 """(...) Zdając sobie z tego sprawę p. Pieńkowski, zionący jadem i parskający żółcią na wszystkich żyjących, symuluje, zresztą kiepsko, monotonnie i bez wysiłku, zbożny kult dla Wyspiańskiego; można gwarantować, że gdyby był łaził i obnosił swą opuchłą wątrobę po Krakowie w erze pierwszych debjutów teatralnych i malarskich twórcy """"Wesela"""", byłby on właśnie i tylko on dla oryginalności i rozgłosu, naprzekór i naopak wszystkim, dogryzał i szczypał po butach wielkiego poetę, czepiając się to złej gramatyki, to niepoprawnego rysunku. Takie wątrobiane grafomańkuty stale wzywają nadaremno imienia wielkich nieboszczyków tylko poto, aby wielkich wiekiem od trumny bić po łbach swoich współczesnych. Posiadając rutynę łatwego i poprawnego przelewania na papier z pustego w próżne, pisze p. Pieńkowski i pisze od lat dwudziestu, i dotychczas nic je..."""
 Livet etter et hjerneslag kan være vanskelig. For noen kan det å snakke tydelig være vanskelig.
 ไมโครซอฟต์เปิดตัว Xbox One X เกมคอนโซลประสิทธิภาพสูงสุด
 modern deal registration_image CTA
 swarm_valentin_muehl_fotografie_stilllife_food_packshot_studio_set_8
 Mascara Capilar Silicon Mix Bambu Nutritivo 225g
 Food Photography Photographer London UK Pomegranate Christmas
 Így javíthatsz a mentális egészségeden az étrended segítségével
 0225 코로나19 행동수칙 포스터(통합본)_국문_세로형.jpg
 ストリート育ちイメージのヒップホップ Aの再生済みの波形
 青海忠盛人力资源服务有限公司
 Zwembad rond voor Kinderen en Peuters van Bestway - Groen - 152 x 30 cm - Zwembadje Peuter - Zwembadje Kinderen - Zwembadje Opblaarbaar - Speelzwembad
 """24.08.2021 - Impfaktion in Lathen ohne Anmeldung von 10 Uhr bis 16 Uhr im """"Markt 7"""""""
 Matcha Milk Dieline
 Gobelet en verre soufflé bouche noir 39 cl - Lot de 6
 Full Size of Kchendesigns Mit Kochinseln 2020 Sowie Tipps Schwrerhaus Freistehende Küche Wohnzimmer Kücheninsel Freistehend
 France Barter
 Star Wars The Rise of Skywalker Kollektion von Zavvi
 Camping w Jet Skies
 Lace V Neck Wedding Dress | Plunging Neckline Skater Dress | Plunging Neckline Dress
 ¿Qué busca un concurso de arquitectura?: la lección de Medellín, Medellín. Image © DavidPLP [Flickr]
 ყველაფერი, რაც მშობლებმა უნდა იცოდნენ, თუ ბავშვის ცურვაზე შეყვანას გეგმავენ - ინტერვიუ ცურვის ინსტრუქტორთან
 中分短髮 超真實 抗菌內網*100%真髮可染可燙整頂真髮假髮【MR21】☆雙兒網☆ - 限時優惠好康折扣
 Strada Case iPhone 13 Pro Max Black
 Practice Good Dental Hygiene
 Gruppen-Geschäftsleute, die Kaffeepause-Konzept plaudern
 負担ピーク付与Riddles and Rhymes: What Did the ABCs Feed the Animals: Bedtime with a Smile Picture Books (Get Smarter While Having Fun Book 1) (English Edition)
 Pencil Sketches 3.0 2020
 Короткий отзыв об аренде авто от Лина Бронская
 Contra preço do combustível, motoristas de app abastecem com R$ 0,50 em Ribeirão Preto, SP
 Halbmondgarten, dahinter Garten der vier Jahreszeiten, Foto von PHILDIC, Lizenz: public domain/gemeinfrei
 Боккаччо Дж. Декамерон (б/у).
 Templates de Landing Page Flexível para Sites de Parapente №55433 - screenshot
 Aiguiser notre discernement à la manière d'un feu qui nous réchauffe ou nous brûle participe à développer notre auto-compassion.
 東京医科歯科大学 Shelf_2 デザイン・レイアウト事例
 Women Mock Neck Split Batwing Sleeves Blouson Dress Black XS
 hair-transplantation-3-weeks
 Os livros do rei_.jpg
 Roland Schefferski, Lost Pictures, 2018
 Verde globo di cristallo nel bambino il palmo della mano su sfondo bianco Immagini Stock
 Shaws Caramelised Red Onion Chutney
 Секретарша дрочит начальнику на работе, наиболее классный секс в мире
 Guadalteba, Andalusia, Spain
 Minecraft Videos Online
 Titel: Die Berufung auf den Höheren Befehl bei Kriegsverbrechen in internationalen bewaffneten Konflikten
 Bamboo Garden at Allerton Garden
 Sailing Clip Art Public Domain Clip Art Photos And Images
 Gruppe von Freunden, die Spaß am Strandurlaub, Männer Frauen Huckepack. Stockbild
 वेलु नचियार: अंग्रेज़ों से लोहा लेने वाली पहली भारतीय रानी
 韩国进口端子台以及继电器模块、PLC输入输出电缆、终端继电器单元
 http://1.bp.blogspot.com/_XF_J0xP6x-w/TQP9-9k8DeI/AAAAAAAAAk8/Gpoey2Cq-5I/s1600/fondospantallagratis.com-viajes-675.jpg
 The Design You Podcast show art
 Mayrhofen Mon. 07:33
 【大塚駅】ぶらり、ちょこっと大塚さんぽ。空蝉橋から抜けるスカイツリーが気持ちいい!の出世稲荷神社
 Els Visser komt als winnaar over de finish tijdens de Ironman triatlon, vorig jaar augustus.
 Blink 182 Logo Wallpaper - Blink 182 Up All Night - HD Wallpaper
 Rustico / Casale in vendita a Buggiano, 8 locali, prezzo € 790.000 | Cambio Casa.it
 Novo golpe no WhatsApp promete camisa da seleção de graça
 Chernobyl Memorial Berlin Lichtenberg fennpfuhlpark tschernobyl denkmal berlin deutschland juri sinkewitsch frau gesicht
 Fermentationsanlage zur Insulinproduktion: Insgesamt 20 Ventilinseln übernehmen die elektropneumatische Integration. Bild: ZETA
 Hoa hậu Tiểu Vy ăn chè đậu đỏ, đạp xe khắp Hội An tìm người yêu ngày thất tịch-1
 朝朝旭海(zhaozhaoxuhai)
########
> **Work to be completed**
What you return must match the listing above exactly, with every line included.

> **Response below**
 """(...) Zdając sobie z tego sprawę p. Pieńkowski, zionący jadem i parskający żółcią na wszystkich żyjących, symuluje, zresztą kiepsko, monotonnie i bez wysiłku, zbożny kult dla Wyspiańskiego; można gwarantować, że gdyby był łaził i obnosił swą opuchłą wątrobę po Krakowie w erze pierwszych debjutów teatralnych i malarskich twórcy """"Wesela"""", byłby on właśnie i tylko on dla oryginalności i rozgłosu, naprzekór i naopak wszystkim, dogryzał i szczypał po butach wielkiego poetę, czepiając się to złej gramatyki, to niepoprawnego rysunku. Takie wątrobiane grafomańkuty stale wzywają nadaremno imienia wielkich nieboszczyków tylko poto, aby wielkich wiekiem od trumny bić po łbach swoich współczesnych. Posiadając rutynę łatwego i poprawnego przelewania na papier z pustego w próżne, pisze p. Pieńkowski i pisze od lat dwudziestu, i dotychczas nic je..."""
 Livet etter et hjerneslag kan være vanskelig. For noen kan det å snakke tydelig være vanskelig.
 ไมโครซอฟต์เปิดตัว Xbox One X เกมคอนโซลประสิทธิภาพสูงสุด
 modern deal registration_image CTA
 swarm_valentin_muehl_fotografie_stilllife_food_packshot_studio_set_8
 Mascara Capilar Silicon Mix Bambu Nutritivo 225g
 Food Photography Photographer London UK Pomegranate Christmas
 Így javíthatsz a mentális egészségeden az étrended segítségével
 0225 코로나19 행동수칙 포스터(통합본)_국문_세로형.jpg
 ストリート育ちイメージのヒップホップ Aの再生済みの波形
 青海忠盛人力资源服务有限公司
 Zwembad rond voor Kinderen en Peuters van Bestway - Groen - 152 x 30 cm - Zwembadje Peuter - Zwembadje Kinderen - Zwembadje Opblaarbaar - Speelzwembad
 """24.08.2021 - Impfaktion in Lathen ohne Anmeldung von 10 Uhr bis 16 Uhr im """"Markt 7"""""""
 Matcha Milk Dieline
 Gobelet en verre soufflé bouche noir 39 cl - Lot de 6
 Full Size of Kchendesigns Mit Kochinseln 2020 Sowie Tipps Schwrerhaus Freistehende Küche Wohnzimmer Kücheninsel Freistehend
 France Barter
 Star Wars The Rise of Skywalker Kollektion von Zavvi
 Camping w Jet Skies
 Lace V Neck Wedding Dress | Plunging Neckline Skater Dress | Plunging Neckline Dress
 ¿Qué busca un concurso de arquitectura?: la lección de Medellín, Medellín. Image © DavidPLP [Flickr]
 ყველაფერი, რაც მშობლებმა უნდა იცოდნენ, თუ ბავშვის ცურვაზე შეყვანას გეგმავენ - ინტერვიუ ცურვის ინსტრუქტორთან
 中分短髮 超真實 抗菌內網*100%真髮可染可燙整頂真髮假髮【MR21】☆雙兒網☆ - 限時優惠好康折扣
 Strada Case iPhone 13 Pro Max Black
 Practice Good Dental Hygiene
 Gruppen-Geschäftsleute, die Kaffeepause-Konzept plaudern
 負担ピーク付与Riddles and Rhymes: What Did the ABCs Feed the Animals: Bedtime with a Smile Picture Books (Get Smarter While Having Fun Book 1) (English Edition)
 Pencil Sketches 3.0 2020
 Короткий отзыв об аренде авто от Лина Бронская
 Contra preço do combustível, motoristas de app abastecem com R$ 0,50 em Ribeirão Preto, SP
 Halbmondgarten, dahinter Garten der vier Jahreszeiten, Foto von PHILDIC, Lizenz: public domain/gemeinfrei
 Боккаччо Дж. Декамерон (б/у).
 Templates de Landing Page Flexível para Sites de Parapente №55433 - screenshot
 Aiguiser notre discernement à la manière d'un feu qui nous réchauffe ou nous brûle participe à développer notre auto-compassion.
 東京医科歯科大学 Shelf_2 デザイン・レイアウト事例
 Women Mock Neck Split Batwing Sleeves Blouson Dress Black XS
 hair-transplantation-3-weeks
 Os livros do rei_.jpg
 Roland Schefferski, Lost Pictures, 2018
 Verde globo di cristallo nel bambino il palmo della mano su sfondo bianco Immagini Stock
 Shaws Caramelised Red Onion Chutney
 Секретарша дрочит начальнику на работе, наиболее классный секс в мире
 Guadalteba, Andalusia, Spain
 Minecraft Videos Online
 Titel: Die Berufung auf den Höheren Befehl bei Kriegsverbrechen in internationalen bewaffneten Konflikten
 Bamboo Garden at Allerton Garden
 Sailing Clip Art Public Domain Clip Art Photos And Images
 Gruppe von Freunden, die Spaß am Strandurlaub, Männer Frauen Huckepack. Stockbild
 वेलु नचियार: अंग्रेज़ों से लोहा लेने वाली पहली भारतीय रानी
 韩国进口端子台以及继电器模块、PLC输入输出电缆、终端继电器单元
 http://1.bp.blogspot.com/_XF_J0xP6x-w/TQP9-9k8DeI/AAAAAAAAAk8/Gpoey2Cq-5I/s1600/fondospantallagratis.com-viajes-675.jpg
 The Design You Podcast show art
 Mayrhofen Mon. 07:33
 【大塚駅】ぶらり、ちょこっと大塚さんぽ。空蝉橋から抜けるスカイツリーが気持ちいい!の出世稲荷神社
 Els Visser komt als winnaar over de finish tijdens de Ironman triatlon, vorig jaar augustus.
 Blink 182 Logo Wallpaper - Blink 182 Up All Night - HD Wallpaper
 Rustico / Casale in vendita a Buggiano, 8 locali, prezzo € 790.000 | Cambio Casa.it
 Novo golpe no WhatsApp promete camisa da seleção de graça
 Chernobyl Memorial Berlin Lichtenberg fennpfuhlpark tschernobyl denkmal berlin deutschland juri sinkewitsch frau gesicht
 Fermentationsanlage zur Insulinproduktion: Insgesamt 20 Ventilinseln übernehmen die elektropneumatische Integration. Bild: ZETA
 Hoa hậu Tiểu Vy ăn chè đậu đỏ, đạp xe khắp Hội An tìm người yêu ngày thất tịch-1
 朝朝旭海(zhaozhaoxuhai)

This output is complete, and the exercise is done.